You don't strike me as a surfer chick -- did you allow yourself to have some touristy fun while you were researching Unfamiliar Fishes?

My sister and nephew joined me on many of my research trips, so there was a lot of driving around looking at the ocean as my nephew made up songs whilst playing the ukulele I bought him. I remember the chorus of one of the catchier songs went, "Aunt Sarah, she says boring words that I can't understand."

Imperialistically speaking, what worries you most about where America is headed?

It is intriguing that all of our current problems having to do with the over-extension of our military abroad -- from our under-equipped and overworked troops in Afghanistan to the less controversial ongoing slog of protecting, say, Taiwan and South Korea -- harken back to the men in the government and military during the era of William McKinley and his successor, Theodore Roosevelt.

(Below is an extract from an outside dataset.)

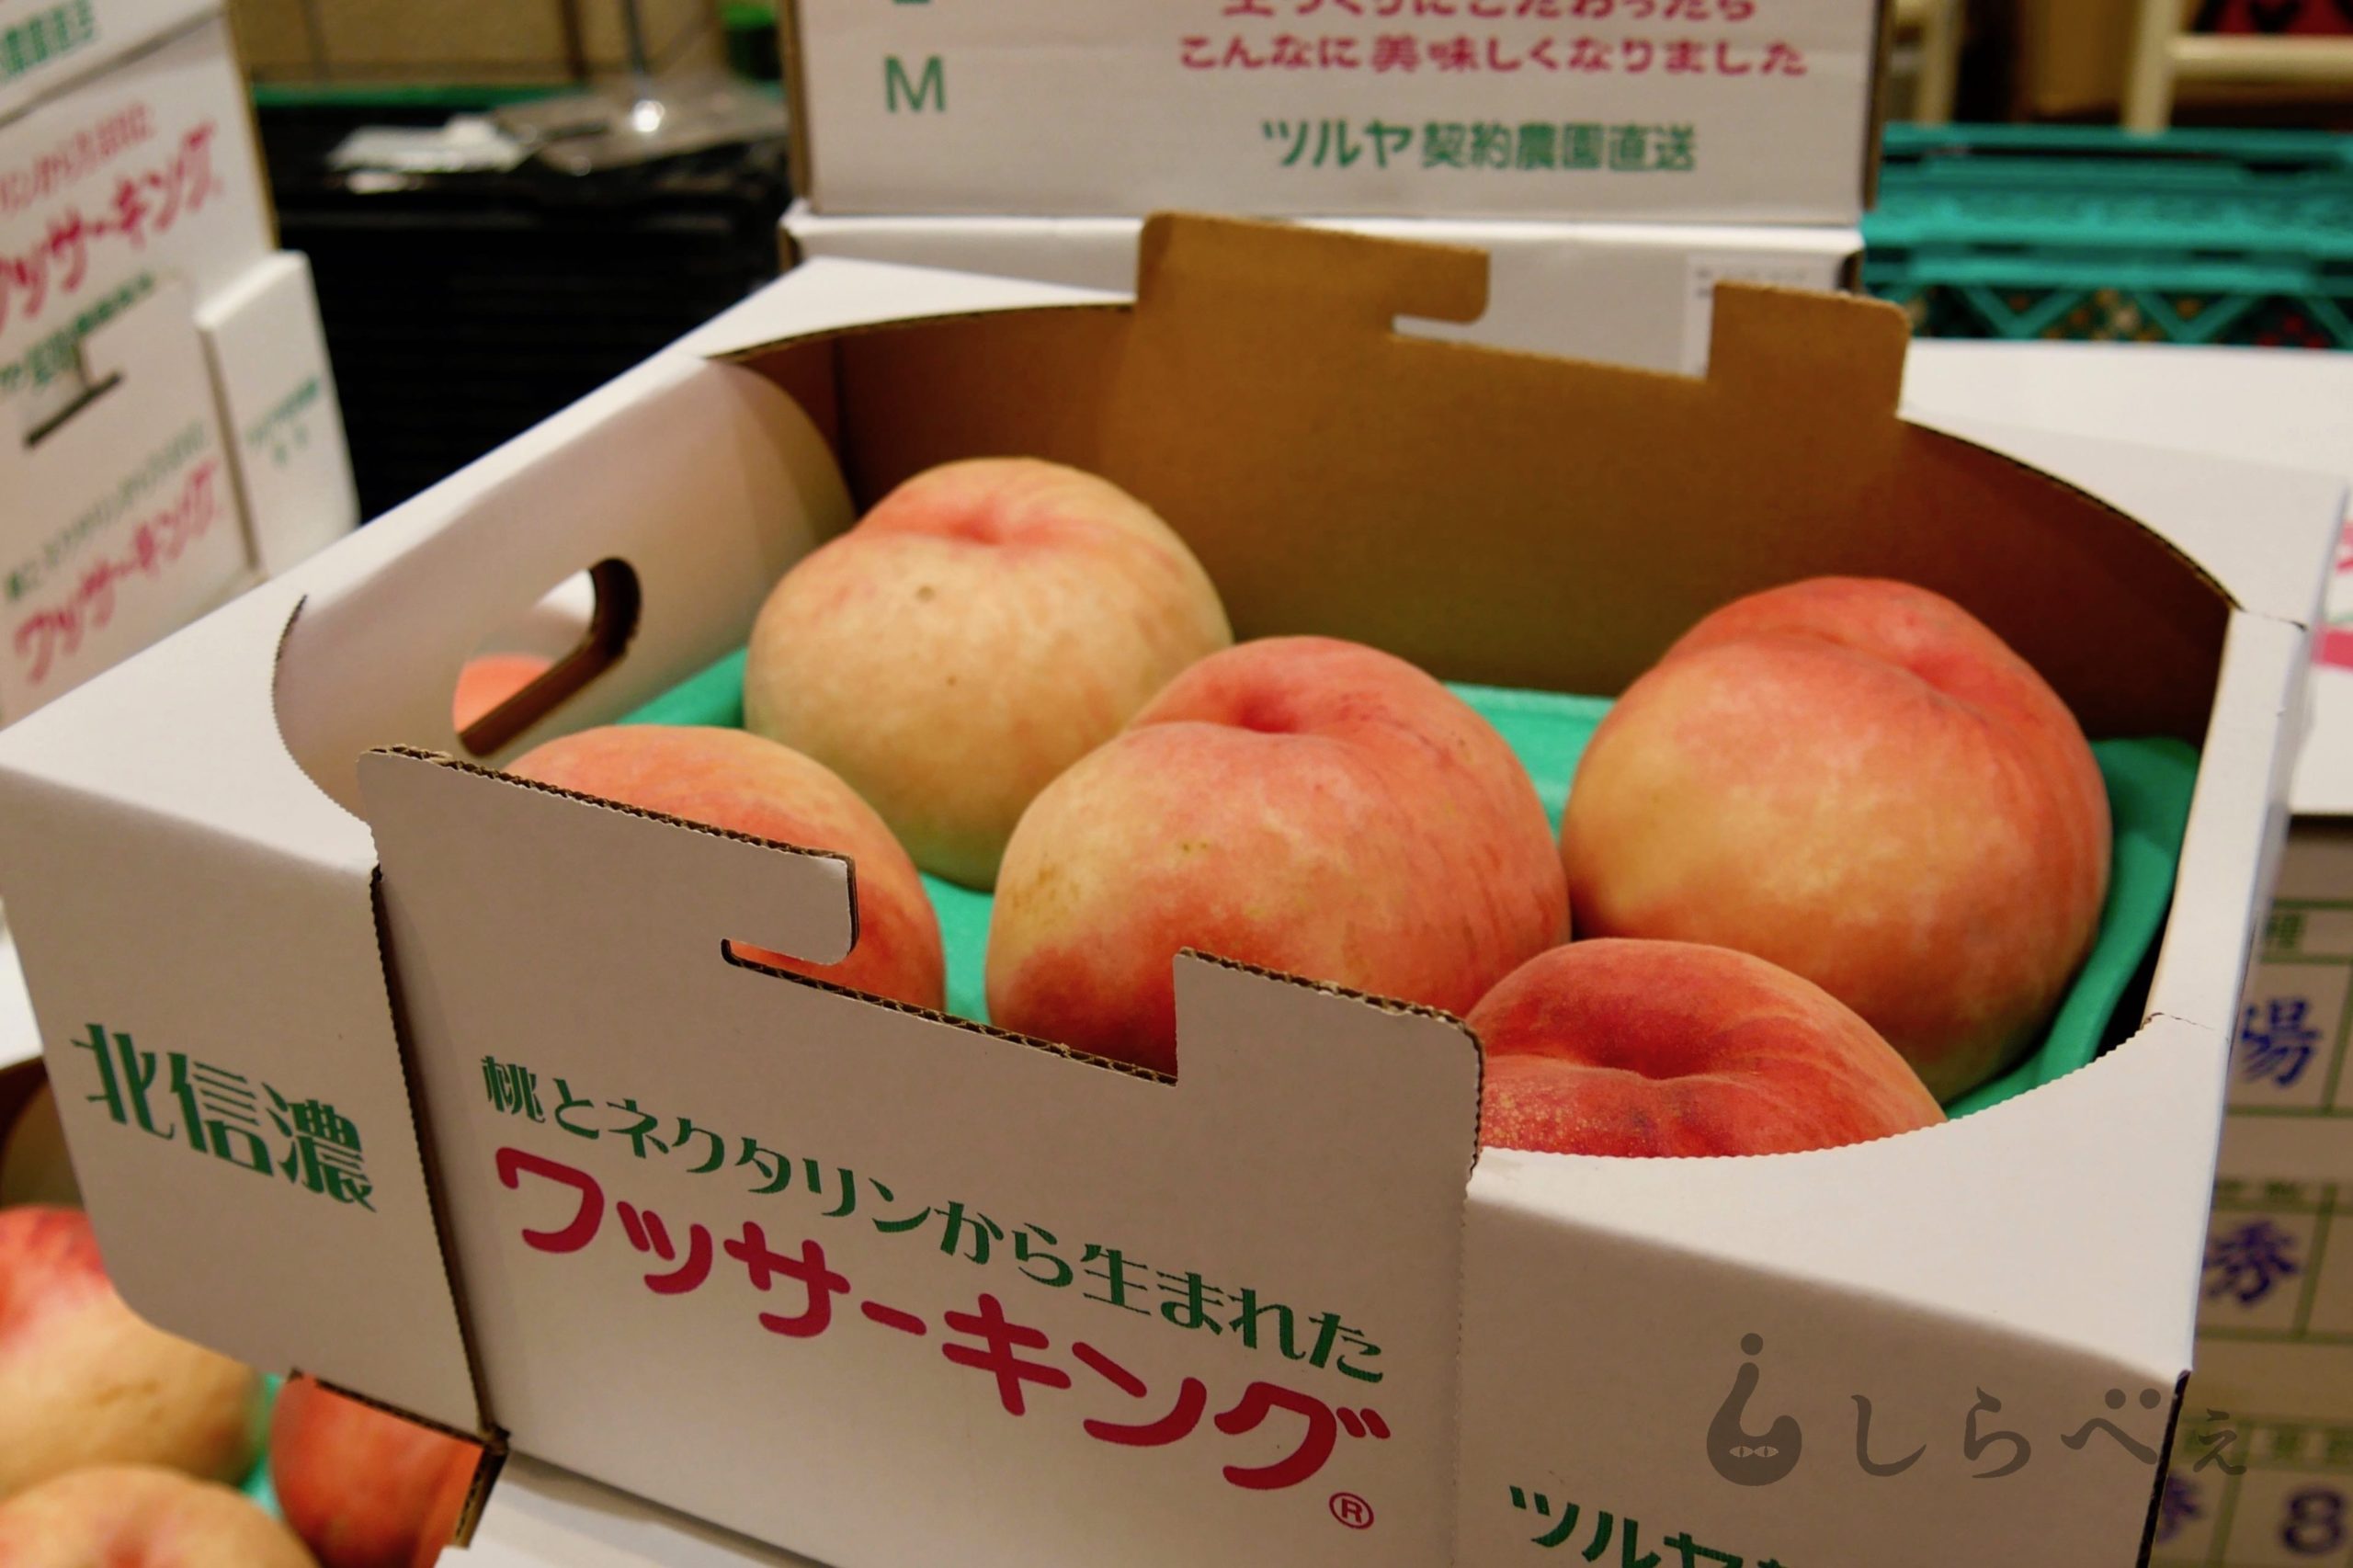 長野県の新名物！ 桃とネクタリンから生まれたフルーツ「ワッサー」が激ウマ – Sirabee

There was this active movement afoot by guys like Roosevelt to make America great. Great, as opposed to good. And to them, greatness meant empire. And empire meant a navy. And a real navy needs island colonies to use as naval bases. And we're still using the bases we acquired in 1898 for that same purpose, such as Guantanamo and Pearl Harbor. This mess we're in, that was Roosevelt's dream. Hawaii was part of that then and it still is, since Pearl Harbor is our military's HQ in the Pacific.

Does it bug you when people tell you what your next book should be about? And can it be about California? Can you tell us about your next book?

Yes. No. No.

You'll be speaking with Jeff Garlin, who's hosted Henry Rollins, Michael Moore, Larry David, Judd Apatow, John Waters... See a trend here? Apparently, you're the first woman he's found interesting enough to talk to. Could you ask him about that?

The trend I see is that Jeff Garlin has a thing for chatting up agitated smart-alecks -- or non-natives of Los Angeles -- unless that's redundant. Everyone on that list is either Midwestern or from the East Coast, Garlin included. Maybe Garlin is so sick of talking to happy-go-lucky, hippy-dippy, passive-aggressive Californians he yearns to listen to aggressive-aggressive provincials and New York Jews just to get a break from all that maddening West Coast optimism?

What will you do for fun while in L.A.?

On this trip, I'm pretty much a traveling salesman for my publisher. But in general, aside from spending time with my friends there, my two favorite things to do in Los Angeles are looking at architecture and eating tacos, preferably simultaneously.